Americans borrowed more money to buy new vehicles in 2017 despite the fact that they bought fewer vehicles.

The amount of money Americans borrowed to finance the purchase of new vehicles increased again during the fourth quarter of 2017, according to new figures published by the Federal Reserve Bank of New York.

The Federal Reserve Bank of NY said the value of auto loans approved during the fourth quarter increased by $8 billion over the same period in 2016 when sales were of vehicles were relatively stronger. In addition, the value of automotive loans or debts held by lenders increased in 2017 by $64 billion to $1.22 trillion even though overall new vehicle sales dropped last year.

The percentage of delinquent auto loans also dropped in the fourth quarter to 2.3% from 2.4%, the report noted.

“Auto loan balances continued their steady rise seen since 2011. Although originations decreased slightly in the quarter, 2017 had the highest annual auto loan origination volume observed in the New York Fed data,” the bank said in its report.

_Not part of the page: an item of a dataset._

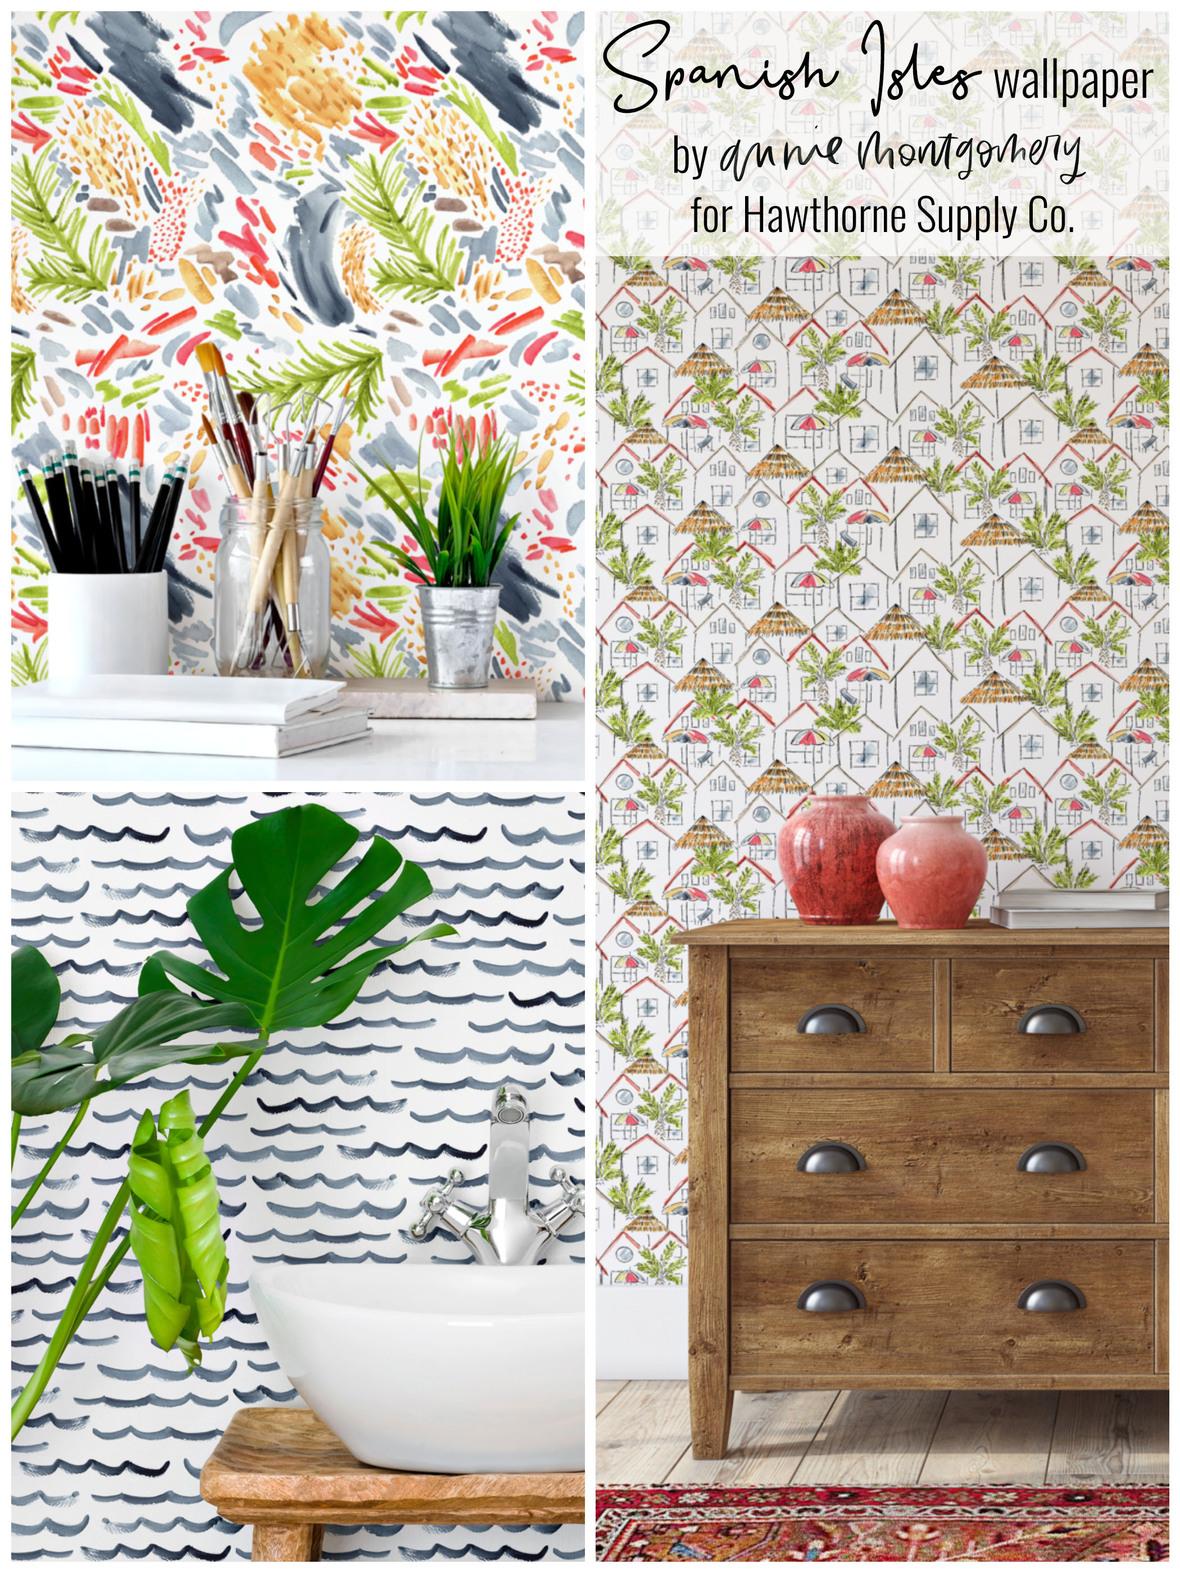 Spanish Isles wallpaper Annie Montgomery Hawthorne Supply Co

(New vehicle sales hold steady in January. Click Here for the story.)

With interest rates poised to rise this year on the heels of steady economic growth, the cost of loans – and incentives used by carmakers to support loans for new vehicles – the amount of automotive-related debt is expected to increase this year.

The cost of loans the amount of automotive-related debt is expected to increase this year.

However, consumers seem confident about their personal economic prospects.

The Federal Reserve Bank of New York’s Center for Microeconomic Data said the January 2018 Survey of Consumer Expectations showed continued improvement in expectations about households’ year-ahead financial situation and credit availability as well as earnings growth. Short- and medium-term inflation expectations also fell slightly.

Perceptions of the household’s financial situation compared to a year ago, as well as one-year-ahead expectations of the household’s financial situation both improved and reached new series’ highs, with 38.7% of respondents feeling they are better off and 45.7% expecting to be better off financially, compared to 37.0% and 43.2% in December respectively.

(Click Here for more about automaker concerns for 2018 sales after a slow December.)

Credit card balances increased and flows into serious delinquency have increased since the third quarter of 2016.

However, outstanding student loan balances also increased. Student loan delinquency flows declined slightly but remain at a high level of 9.3%

Delinquency rates for student loans are likely to understate effective delinquency rates because about half of these loans are currently in deferment, in grace periods or in forbearance and therefore temporarily not in the repayment cycle. This implies that among loans in the repayment cycle delinquency rates are roughly twice as high, the bank said in its report.

The high level of student loan debt is often cited as one of the reasons younger buyers have been slow to purchase new or even used vehicles and any and kind of delinquency makes it harder to qualify for a loan.

(To see why some think auto ownership may have passed its peak, Click Here.)

The Federal Reserve Bank of New York also said mortgage balances increased substantially, and the median credit score of borrowers for new mortgages decreased slightly. The share of mortgage balances that were 90 or more days delinquent (“seriously delinquent”) continued to improve.